Nostell Priory Curator Simon McCormack said: “The National Trust has selected 125 iconic objects from its homes for a special book commemorating the anniversary and six of them are in Nostell, more than any other in North England.

“All of these flagship objects and many other treasures are at Nostell thanks to the Winn family, as part of their efforts to create a grand and fashionable home.

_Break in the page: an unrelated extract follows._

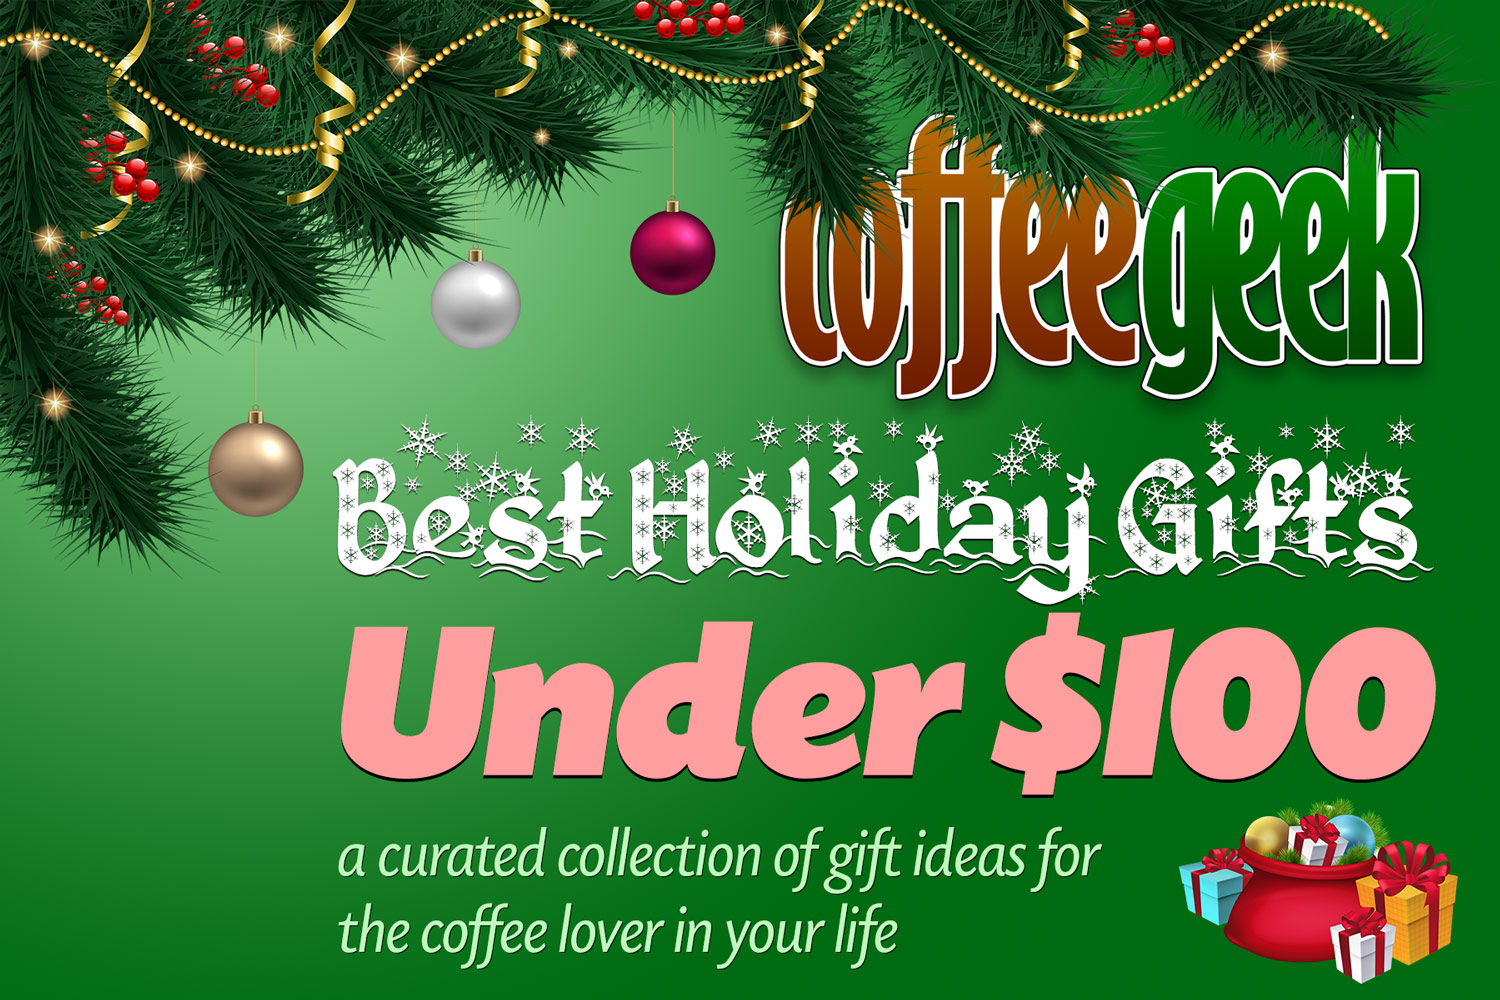 Gifts Under $100, Holiday Gifts

“This fall, visitors can see them in a repost that highlights their importance, not just to the home, but to our nation’s collective heritage.”

Site General Manager Jonathan Brewer added, “Nostell is one of the North’s best kept secrets.

“We want people to see, share and shape treasures not only in the house, but also on Nostell’s 300 acres of land, which includes meadows, woods, lakes, a historic stable yard, an orangery. , pleasure grounds, a rose garden, a menagerie garden and a functional kitchen. garden.

“Tours of Nostell’s House, Park and Gardens help support vital conservation work and new exhibits such as the Six Treasures Experience, and we are very grateful to everyone for their support, without which we couldn’t do what we’re doing. “

The estate dates from 1733, and was built for the Winn family on the site of a medieval priory.

The priory and its contents were donated to the National Trust in 1953 by the administrators of the estate and Rowland Winn, the third Baron St Oswald.